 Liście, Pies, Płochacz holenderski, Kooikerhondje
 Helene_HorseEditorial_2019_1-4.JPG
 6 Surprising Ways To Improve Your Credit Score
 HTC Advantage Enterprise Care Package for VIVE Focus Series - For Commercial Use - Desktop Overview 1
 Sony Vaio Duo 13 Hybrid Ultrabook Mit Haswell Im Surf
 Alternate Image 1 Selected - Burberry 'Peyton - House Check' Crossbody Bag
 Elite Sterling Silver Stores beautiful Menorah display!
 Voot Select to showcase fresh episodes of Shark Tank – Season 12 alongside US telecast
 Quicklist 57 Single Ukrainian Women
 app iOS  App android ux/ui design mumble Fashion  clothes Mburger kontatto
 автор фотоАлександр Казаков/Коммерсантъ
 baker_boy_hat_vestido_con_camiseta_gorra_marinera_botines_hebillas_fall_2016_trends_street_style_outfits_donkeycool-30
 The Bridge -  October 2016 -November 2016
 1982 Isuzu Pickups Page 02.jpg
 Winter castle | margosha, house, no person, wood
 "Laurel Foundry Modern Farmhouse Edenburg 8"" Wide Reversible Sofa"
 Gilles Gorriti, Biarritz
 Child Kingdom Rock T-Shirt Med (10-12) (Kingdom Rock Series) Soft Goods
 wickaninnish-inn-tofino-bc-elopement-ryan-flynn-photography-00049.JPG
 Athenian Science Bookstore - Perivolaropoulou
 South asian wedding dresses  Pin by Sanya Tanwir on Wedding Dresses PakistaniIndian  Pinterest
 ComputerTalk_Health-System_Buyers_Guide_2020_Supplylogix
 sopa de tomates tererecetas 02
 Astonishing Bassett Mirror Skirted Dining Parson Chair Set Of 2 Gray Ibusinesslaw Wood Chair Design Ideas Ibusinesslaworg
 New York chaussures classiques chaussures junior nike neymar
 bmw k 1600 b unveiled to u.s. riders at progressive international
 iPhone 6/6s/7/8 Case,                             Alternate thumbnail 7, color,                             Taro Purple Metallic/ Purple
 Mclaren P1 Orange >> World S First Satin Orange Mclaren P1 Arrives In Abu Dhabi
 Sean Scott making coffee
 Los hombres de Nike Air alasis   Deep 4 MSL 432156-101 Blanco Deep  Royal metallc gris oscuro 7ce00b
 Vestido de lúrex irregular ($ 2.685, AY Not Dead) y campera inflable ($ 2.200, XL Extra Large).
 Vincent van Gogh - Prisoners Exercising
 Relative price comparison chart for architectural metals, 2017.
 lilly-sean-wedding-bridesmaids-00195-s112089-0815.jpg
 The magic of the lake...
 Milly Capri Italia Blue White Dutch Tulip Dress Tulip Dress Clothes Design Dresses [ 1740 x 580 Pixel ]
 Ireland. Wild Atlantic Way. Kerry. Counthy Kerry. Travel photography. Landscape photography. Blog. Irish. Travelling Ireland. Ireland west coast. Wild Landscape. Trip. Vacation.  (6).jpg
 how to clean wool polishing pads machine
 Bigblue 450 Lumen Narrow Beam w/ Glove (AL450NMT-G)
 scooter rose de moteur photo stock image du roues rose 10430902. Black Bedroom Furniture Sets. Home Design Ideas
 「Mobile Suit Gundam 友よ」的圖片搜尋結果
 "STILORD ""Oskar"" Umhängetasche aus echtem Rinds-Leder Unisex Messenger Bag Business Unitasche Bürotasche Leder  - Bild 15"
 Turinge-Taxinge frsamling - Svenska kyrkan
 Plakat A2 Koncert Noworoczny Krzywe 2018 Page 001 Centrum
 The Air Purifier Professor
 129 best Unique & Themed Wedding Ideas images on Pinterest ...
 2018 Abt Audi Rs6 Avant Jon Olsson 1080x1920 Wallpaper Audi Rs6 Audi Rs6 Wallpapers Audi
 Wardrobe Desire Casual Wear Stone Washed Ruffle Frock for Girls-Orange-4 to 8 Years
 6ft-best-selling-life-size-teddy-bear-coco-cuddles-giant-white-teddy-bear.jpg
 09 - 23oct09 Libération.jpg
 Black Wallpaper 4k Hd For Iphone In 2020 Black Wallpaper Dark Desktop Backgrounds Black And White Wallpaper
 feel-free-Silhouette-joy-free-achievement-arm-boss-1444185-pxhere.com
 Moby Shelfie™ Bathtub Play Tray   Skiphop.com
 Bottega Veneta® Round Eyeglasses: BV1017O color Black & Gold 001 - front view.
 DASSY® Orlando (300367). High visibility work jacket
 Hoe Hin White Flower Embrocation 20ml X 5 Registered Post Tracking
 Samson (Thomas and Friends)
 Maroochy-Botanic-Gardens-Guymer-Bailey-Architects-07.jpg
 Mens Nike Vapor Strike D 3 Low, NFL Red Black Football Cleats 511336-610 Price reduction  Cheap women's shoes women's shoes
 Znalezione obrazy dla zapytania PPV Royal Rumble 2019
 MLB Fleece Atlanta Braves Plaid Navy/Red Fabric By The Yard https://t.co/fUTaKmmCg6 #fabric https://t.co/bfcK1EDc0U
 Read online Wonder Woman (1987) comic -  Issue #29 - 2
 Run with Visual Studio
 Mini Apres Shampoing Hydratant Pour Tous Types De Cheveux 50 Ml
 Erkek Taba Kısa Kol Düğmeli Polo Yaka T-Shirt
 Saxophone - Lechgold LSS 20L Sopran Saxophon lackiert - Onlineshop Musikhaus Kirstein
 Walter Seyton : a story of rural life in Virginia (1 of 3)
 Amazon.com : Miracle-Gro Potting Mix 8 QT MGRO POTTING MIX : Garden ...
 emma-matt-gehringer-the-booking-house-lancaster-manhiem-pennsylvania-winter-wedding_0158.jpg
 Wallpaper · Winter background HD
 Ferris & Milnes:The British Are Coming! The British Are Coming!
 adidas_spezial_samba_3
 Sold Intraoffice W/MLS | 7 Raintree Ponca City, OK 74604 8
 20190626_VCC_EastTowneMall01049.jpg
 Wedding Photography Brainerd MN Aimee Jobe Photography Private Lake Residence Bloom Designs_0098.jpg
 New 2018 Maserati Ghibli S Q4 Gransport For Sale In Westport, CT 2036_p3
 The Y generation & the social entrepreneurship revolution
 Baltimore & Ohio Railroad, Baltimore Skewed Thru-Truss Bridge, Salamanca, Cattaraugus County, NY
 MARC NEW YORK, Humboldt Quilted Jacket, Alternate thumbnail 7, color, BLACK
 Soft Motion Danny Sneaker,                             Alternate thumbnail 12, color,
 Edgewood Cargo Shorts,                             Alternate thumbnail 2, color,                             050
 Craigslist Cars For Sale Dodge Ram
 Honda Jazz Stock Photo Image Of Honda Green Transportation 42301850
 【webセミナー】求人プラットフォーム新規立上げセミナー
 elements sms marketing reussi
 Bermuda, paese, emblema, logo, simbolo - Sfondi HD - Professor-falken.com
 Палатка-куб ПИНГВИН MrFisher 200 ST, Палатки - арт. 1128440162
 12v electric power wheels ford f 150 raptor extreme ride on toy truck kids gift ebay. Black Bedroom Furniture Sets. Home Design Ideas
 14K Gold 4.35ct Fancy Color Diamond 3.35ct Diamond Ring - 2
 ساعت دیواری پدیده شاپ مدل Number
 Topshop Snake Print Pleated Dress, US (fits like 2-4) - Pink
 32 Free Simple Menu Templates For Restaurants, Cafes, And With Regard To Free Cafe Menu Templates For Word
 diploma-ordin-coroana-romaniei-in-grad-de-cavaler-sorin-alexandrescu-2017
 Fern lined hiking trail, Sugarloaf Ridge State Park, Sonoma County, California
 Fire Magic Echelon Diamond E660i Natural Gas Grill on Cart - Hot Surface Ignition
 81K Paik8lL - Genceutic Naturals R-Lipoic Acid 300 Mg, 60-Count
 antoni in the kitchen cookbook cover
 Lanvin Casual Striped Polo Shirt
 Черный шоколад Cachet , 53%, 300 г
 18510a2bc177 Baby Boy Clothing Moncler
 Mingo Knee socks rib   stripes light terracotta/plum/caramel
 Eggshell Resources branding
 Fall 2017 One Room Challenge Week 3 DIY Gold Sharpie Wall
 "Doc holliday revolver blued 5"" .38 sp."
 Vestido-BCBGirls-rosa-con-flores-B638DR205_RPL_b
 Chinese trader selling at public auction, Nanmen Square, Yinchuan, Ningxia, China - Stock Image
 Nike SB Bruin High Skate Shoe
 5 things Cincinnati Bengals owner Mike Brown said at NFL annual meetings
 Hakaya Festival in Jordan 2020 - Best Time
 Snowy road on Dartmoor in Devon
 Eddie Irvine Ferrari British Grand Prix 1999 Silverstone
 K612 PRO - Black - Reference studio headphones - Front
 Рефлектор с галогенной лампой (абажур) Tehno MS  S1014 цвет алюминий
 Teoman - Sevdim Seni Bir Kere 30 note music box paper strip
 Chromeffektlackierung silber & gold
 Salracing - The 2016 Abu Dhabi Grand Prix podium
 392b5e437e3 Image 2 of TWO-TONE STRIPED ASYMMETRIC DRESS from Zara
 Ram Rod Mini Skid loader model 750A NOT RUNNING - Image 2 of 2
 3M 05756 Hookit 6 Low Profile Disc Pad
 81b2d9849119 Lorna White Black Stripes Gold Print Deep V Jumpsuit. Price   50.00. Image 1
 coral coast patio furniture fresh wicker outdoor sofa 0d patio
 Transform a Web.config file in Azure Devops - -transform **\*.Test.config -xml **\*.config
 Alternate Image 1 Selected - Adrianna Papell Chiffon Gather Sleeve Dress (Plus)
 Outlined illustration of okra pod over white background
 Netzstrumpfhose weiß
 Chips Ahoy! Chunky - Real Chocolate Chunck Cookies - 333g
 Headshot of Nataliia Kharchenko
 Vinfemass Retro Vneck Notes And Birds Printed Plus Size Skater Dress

○ ○ ○

> THE PROBLEM
Repeat the entries above exactly, beginning at their first line and ending with the line that contains "bmw k 1600 b", with nothing added.

> OUTPUT OF THE EXERCISE
 Liście, Pies, Płochacz holenderski, Kooikerhondje
 Helene_HorseEditorial_2019_1-4.JPG
 6 Surprising Ways To Improve Your Credit Score
 HTC Advantage Enterprise Care Package for VIVE Focus Series - For Commercial Use - Desktop Overview 1
 Sony Vaio Duo 13 Hybrid Ultrabook Mit Haswell Im Surf
 Alternate Image 1 Selected - Burberry 'Peyton - House Check' Crossbody Bag
 Elite Sterling Silver Stores beautiful Menorah display!
 Voot Select to showcase fresh episodes of Shark Tank – Season 12 alongside US telecast
 Quicklist 57 Single Ukrainian Women
 app iOS  App android ux/ui design mumble Fashion  clothes Mburger kontatto
 автор фотоАлександр Казаков/Коммерсантъ
 baker_boy_hat_vestido_con_camiseta_gorra_marinera_botines_hebillas_fall_2016_trends_street_style_outfits_donkeycool-30
 The Bridge -  October 2016 -November 2016
 1982 Isuzu Pickups Page 02.jpg
 Winter castle | margosha, house, no person, wood
 "Laurel Foundry Modern Farmhouse Edenburg 8"" Wide Reversible Sofa"
 Gilles Gorriti, Biarritz
 Child Kingdom Rock T-Shirt Med (10-12) (Kingdom Rock Series) Soft Goods
 wickaninnish-inn-tofino-bc-elopement-ryan-flynn-photography-00049.JPG
 Athenian Science Bookstore - Perivolaropoulou
 South asian wedding dresses  Pin by Sanya Tanwir on Wedding Dresses PakistaniIndian  Pinterest
 ComputerTalk_Health-System_Buyers_Guide_2020_Supplylogix
 sopa de tomates tererecetas 02
 Astonishing Bassett Mirror Skirted Dining Parson Chair Set Of 2 Gray Ibusinesslaw Wood Chair Design Ideas Ibusinesslaworg
 New York chaussures classiques chaussures junior nike neymar
 bmw k 1600 b unveiled to u.s. riders at progressive international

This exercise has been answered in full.